Okay all. I got a call from a local HOA president yesterday wondering if we would bid there addition for snow. My partner and I have a difference of opinion on what we should be bidding it at. I know what our rates are but was curious what you all think as far as time and amount of salt goes. Here are a couple of details that hopefully will help.

Approx. 1.9 miles of Street 21 feet wide. Including 6 culdasacs. They have a rule that no cars are to be left on the streets so this helps. 
As for salt of the 1.9 miles approx 1.5 would be salted.

We would be using 2 -3/4 pickups with 8' straights and wings ( we could switch out one for a 8'6" V if needed)

Salt - we use both Bulk Rock salt and magic salt. Thoughts on positives or negatives with these options. We have a tailgate spreader and a V box. Probably use the V box for this.

Anyways, any thoughts on what you would estimate this as far as time to plow and amount of salt ( rock or Magic we won't use both it will be one or the other.)
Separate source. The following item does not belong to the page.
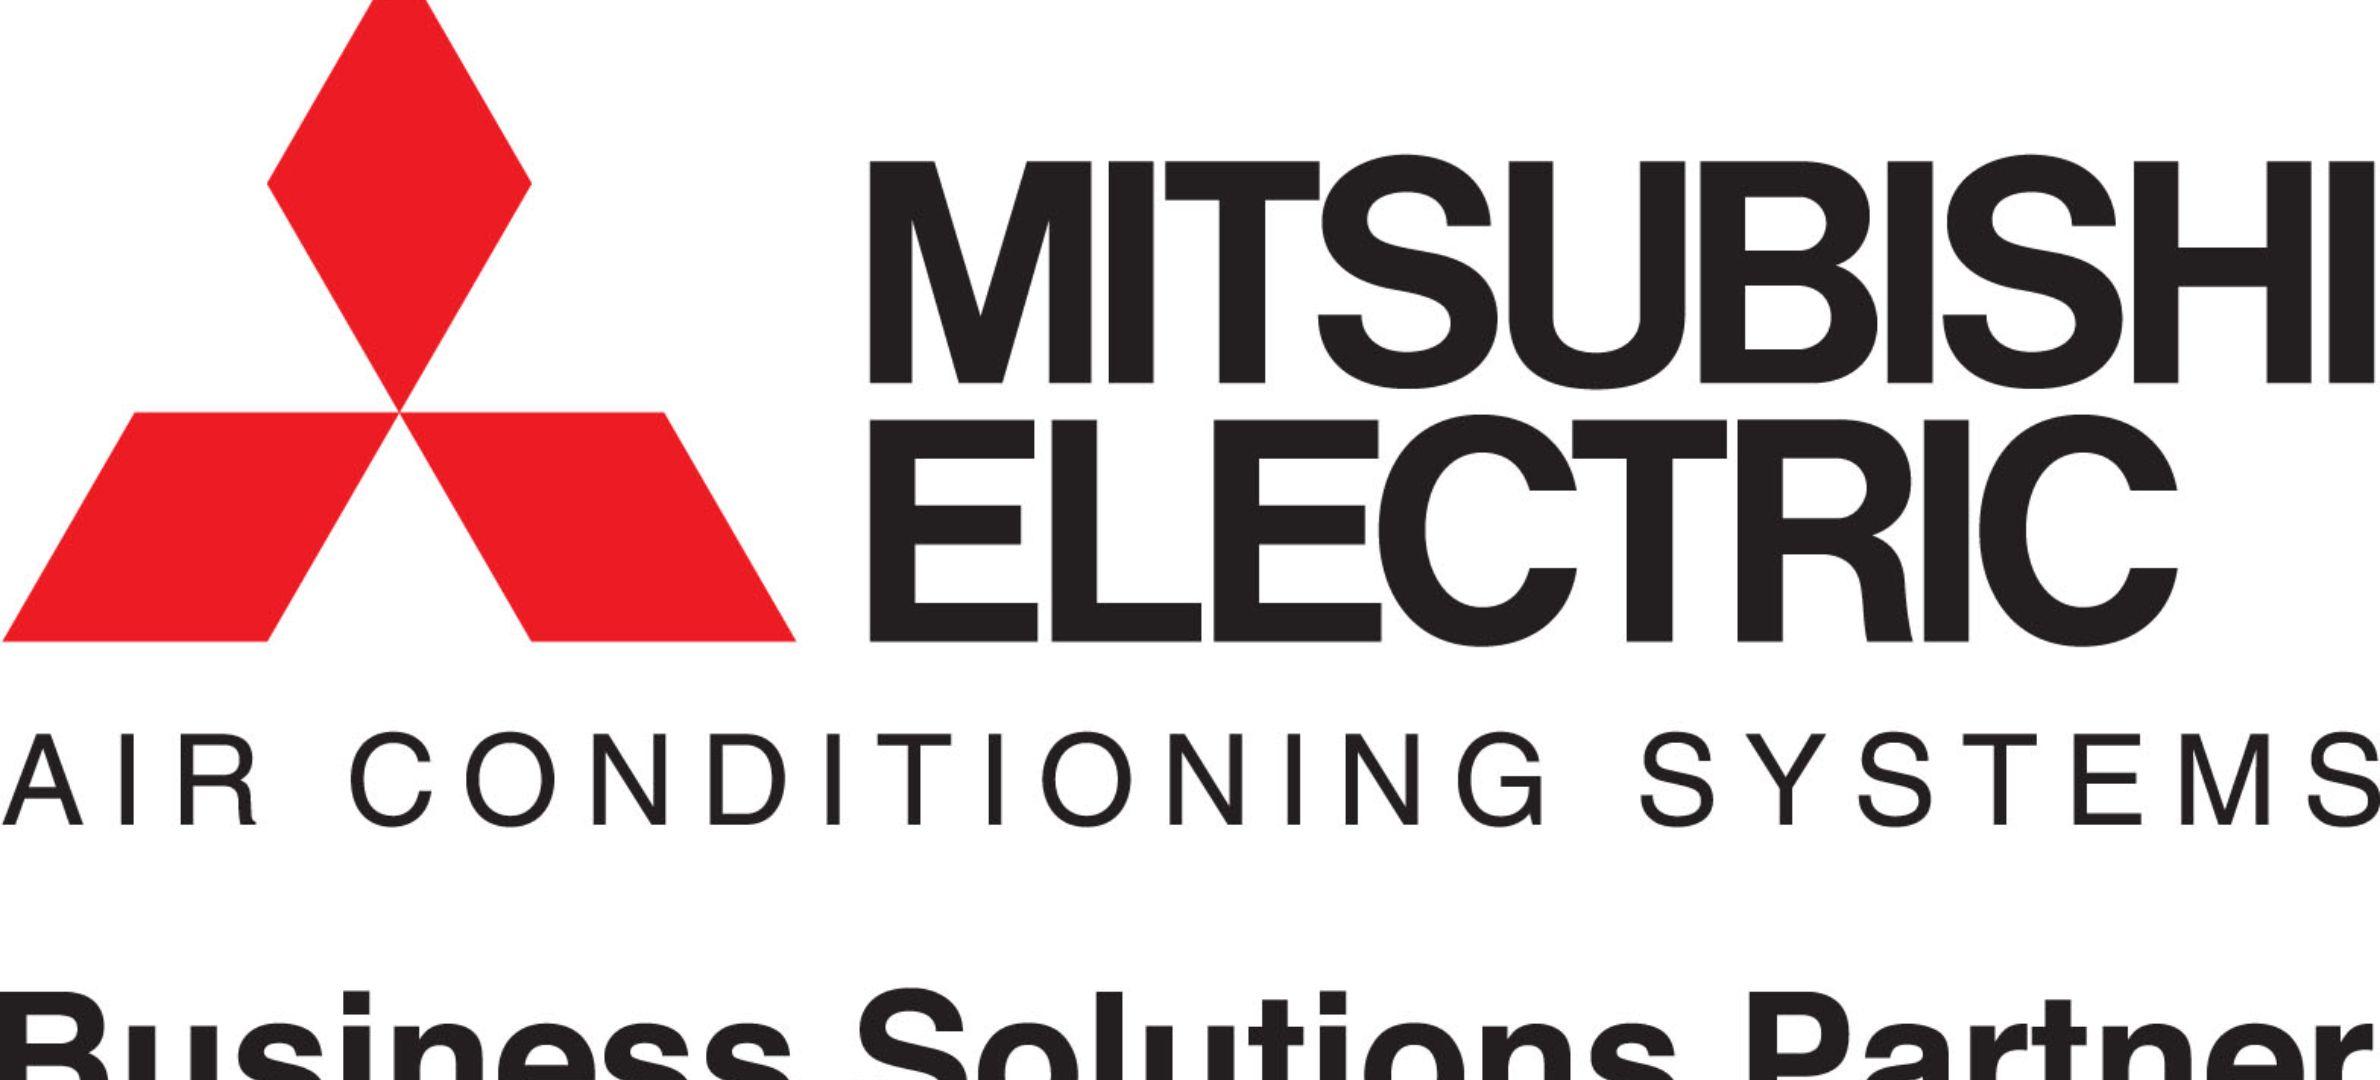 Mitsubishi Electric Logo - Mitsubishi electric logo - Arthur McKay

If I missed something let me know and I will try to get the details. I would like to bid this but don't want to mess it up. We have a couple of other HOA's that we do but neither use salt.
Thanks in advance for any assitance.

Matt


----------



## forestfireguy (Oct 7, 2006)

Are you bidding seasonal or per push, brackets? Kinda vague on some things, shoveling? any lots or just roadways? Is salting completeyly up to you or is it their call? Will you be paid again or hourly to clean up when people don't move cars or will you have to sit and wait for a tow truck?

Lots to consider overall, as to the salt, I'd almost always say go with the magic........


----------



## 2COR517 (Oct 23, 2008)

A little unsolicited advice - if the "partner" you refer to is a business partner, and not family - get out as soon as you can. Business partnerships rarely last.


----------



## mtk469 (Aug 27, 2009)

forestfireguy;861386 said:


> Are you bidding seasonal or per push, brackets? Kinda vague on some things, shoveling? any lots or just roadways? Is salting completeyly up to you or is it their call? Will you be paid again or hourly to clean up when people don't move cars or will you have to sit and wait for a tow truck?
> 
> Lots to consider overall, as to the salt, I'd almost always say go with the magic........
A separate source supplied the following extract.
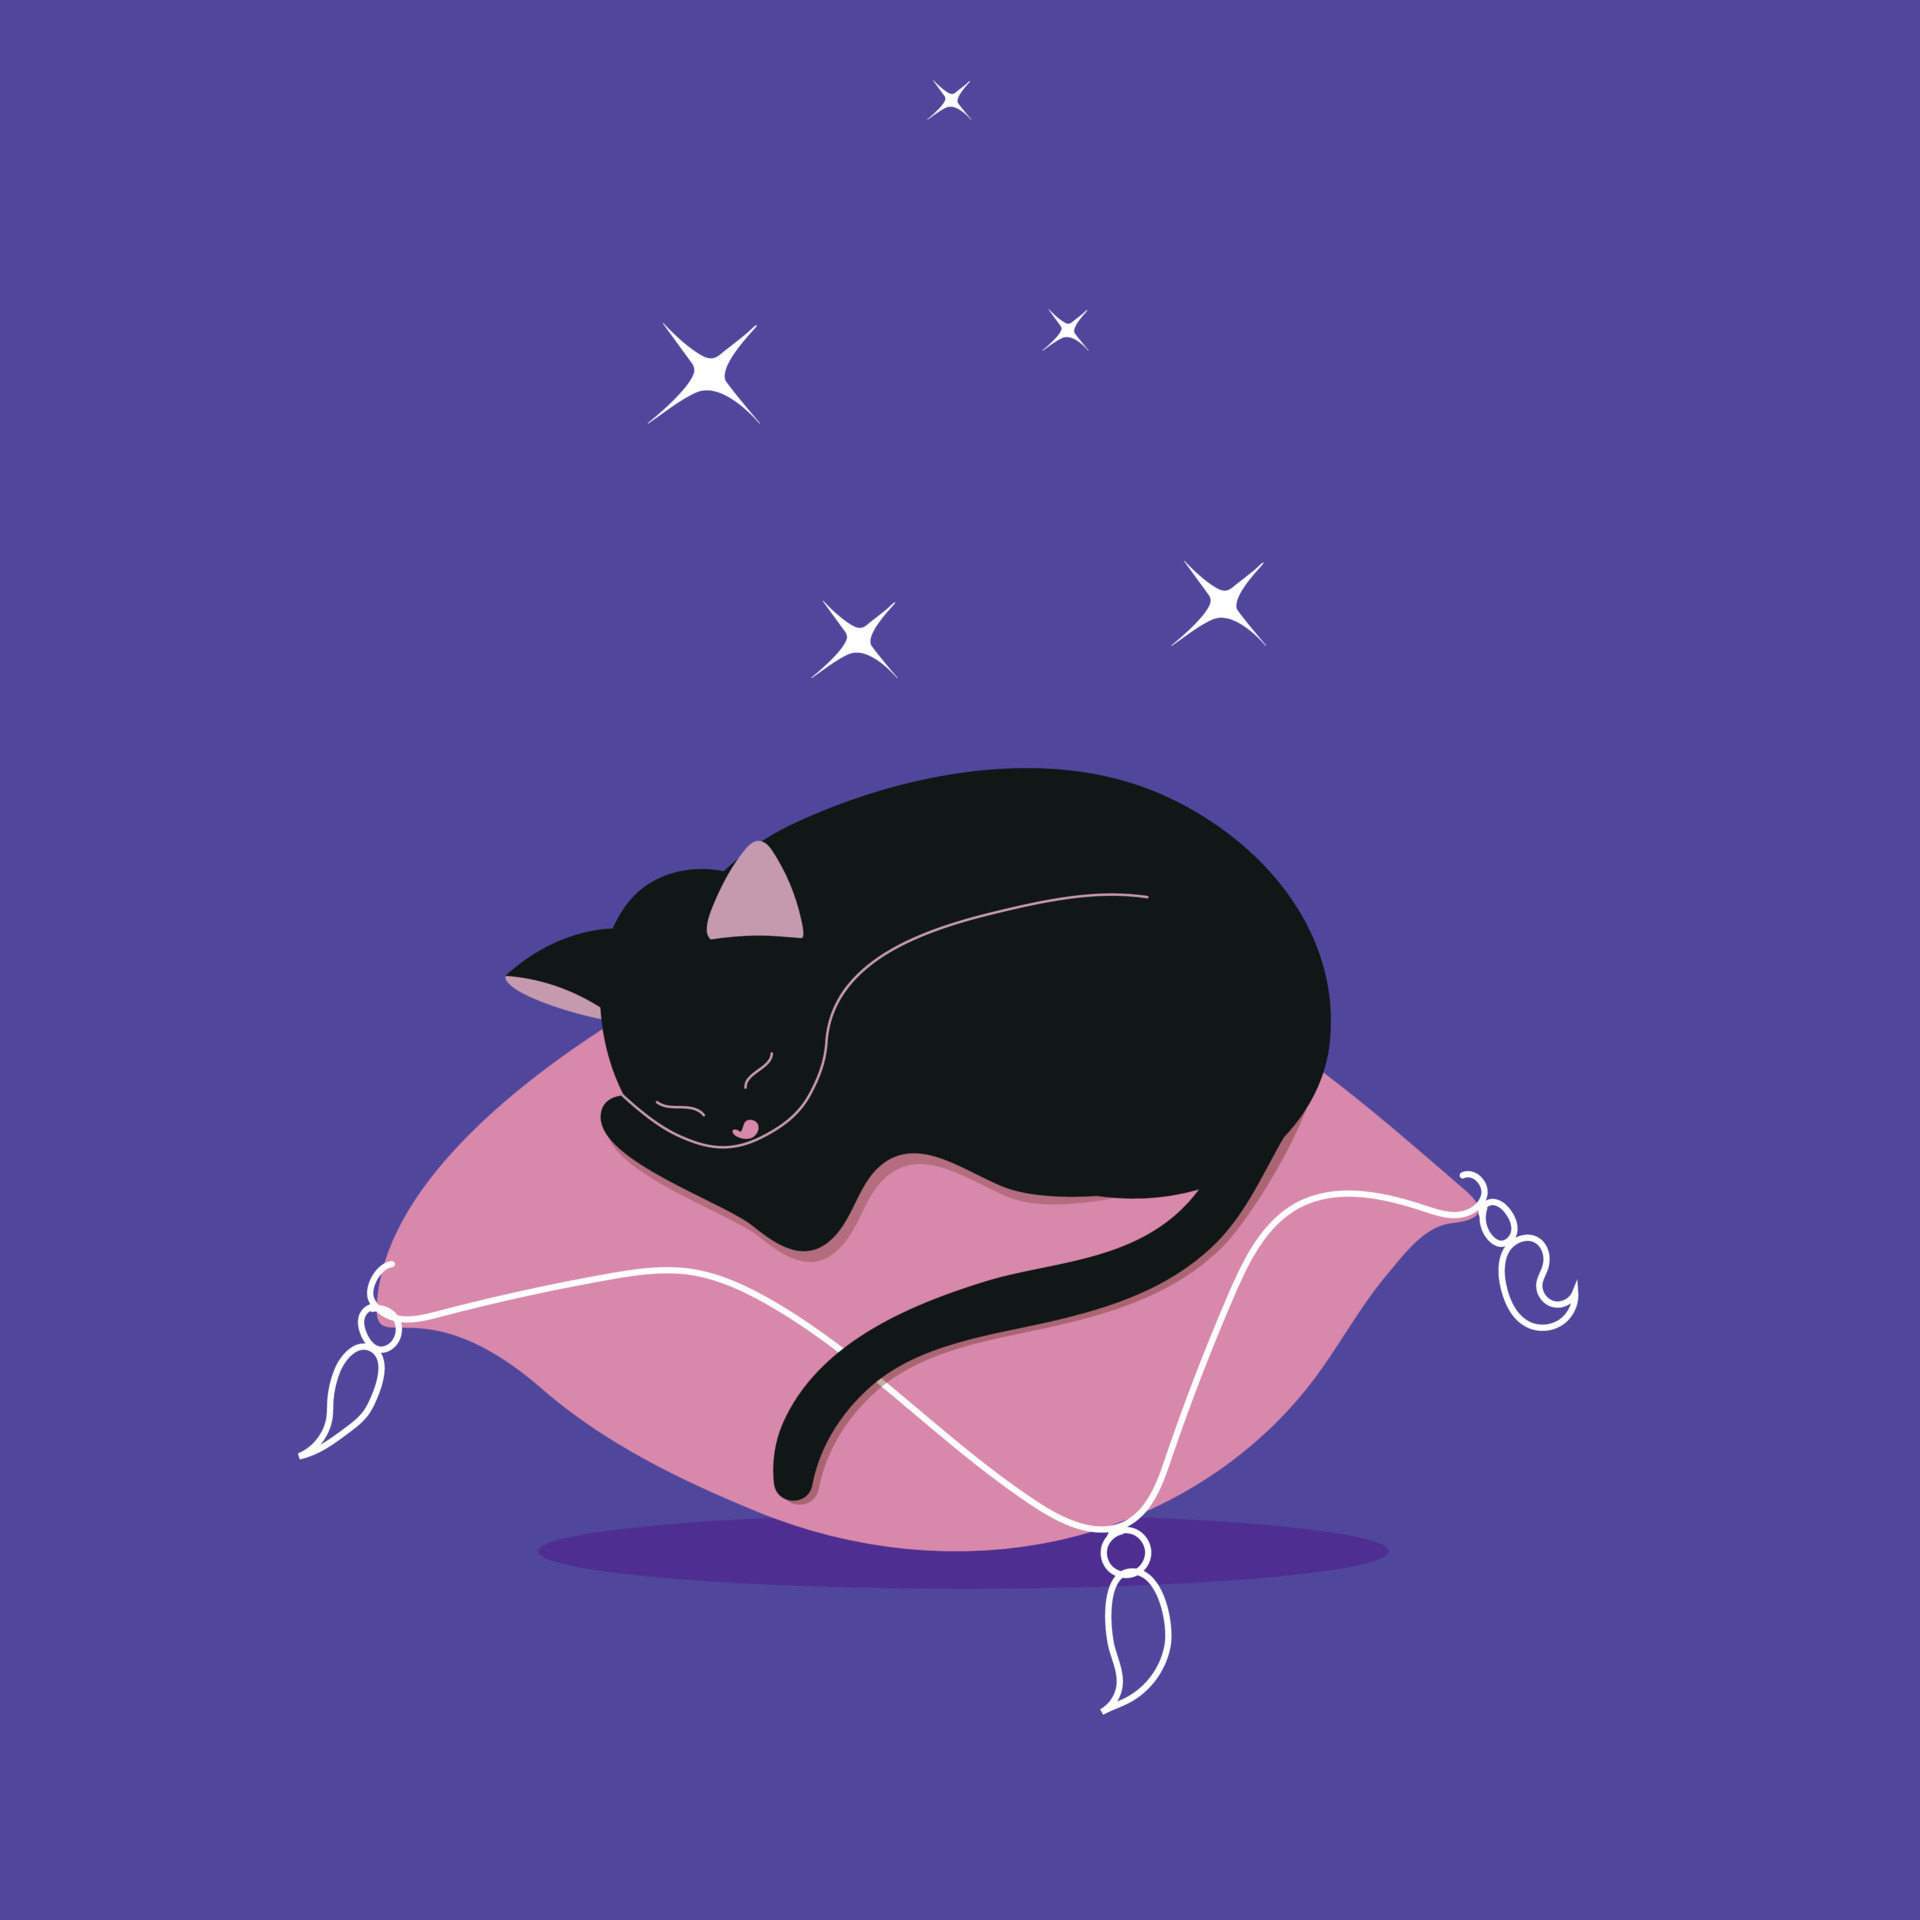 Um Gato Com Gatinhos Fofos, Travesseiros Macios E Acessórios Para Jogos.  Royalty Free SVG, Cliparts, Vetores, e Ilustrações Stock. Image 185498070

Sorry for the missing info. They want it bid per push and also hourly. 2" trigger. Salting after each plowing. Just roadways. No shoveling, walks etc. Hourly if any cleanup is needed. 
Thoughts? How much magic do you think it would take?



 2COR517;861398 said:


> A little unsolicited advice - if the "partner" you refer to is a business partner, and not family - get out as soon as you can. Business partnerships rarely last.


Thanks for the advise. I totally hear what your saying. We have our moments thats for sure.


----------



## LoneCowboy (Jan 2, 2007)

I helped out this place last storm. (their landscaper went bankrupt and they didn't know it for plowing. so nobody showed up. and they were calling, I just did it hourly for a few hours)
Easy 6 inches plus on the roads much bigger drifts in spots. 
It was a manufactured home place (not a trailer park, but next step up)
2.5 miles of roads

big wide roads (30 to 40+ feet), no or few cars on the side, but every single place had a giant circle around a park with homes all around the outside. it was actually quicker to plow it going forward and back each little mini-cul-de-sac then trying to go around and around when you couldn't get around the turn. I had to make 5 to 6 passes to get each road way curb to curb.
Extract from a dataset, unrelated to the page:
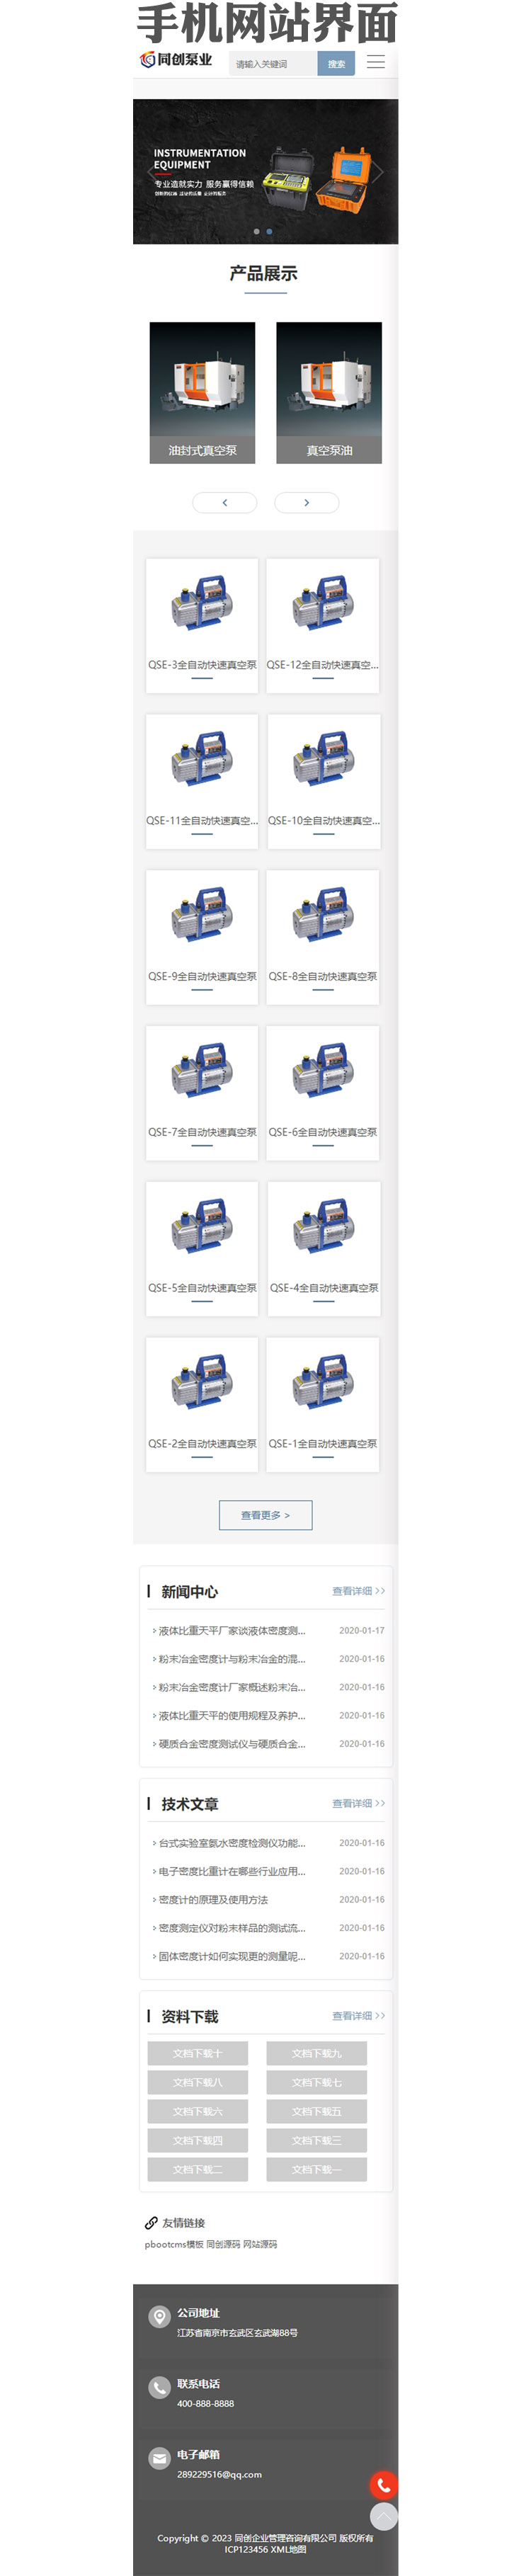 php泵业五金公司网站源码模板-XX127-3

Anyway, I did about 1/3 of the place in 2 hours. (8' w/ wings)
The local "maintenance guys" who knew the place by heart (I'd never been there before) had been working all day (9am to 4:30pm when I left) with a tractor and small (4') skid steer and had maybe 1/3 of it done. Pretty sad IMO. I bid it and apparently didn't get it. Bizarre. It was a pretty tight bid for an enormous place.

So, without a picture of yours, I have no idea.

If you can just drive around and around, that's normally much faster than back and forth.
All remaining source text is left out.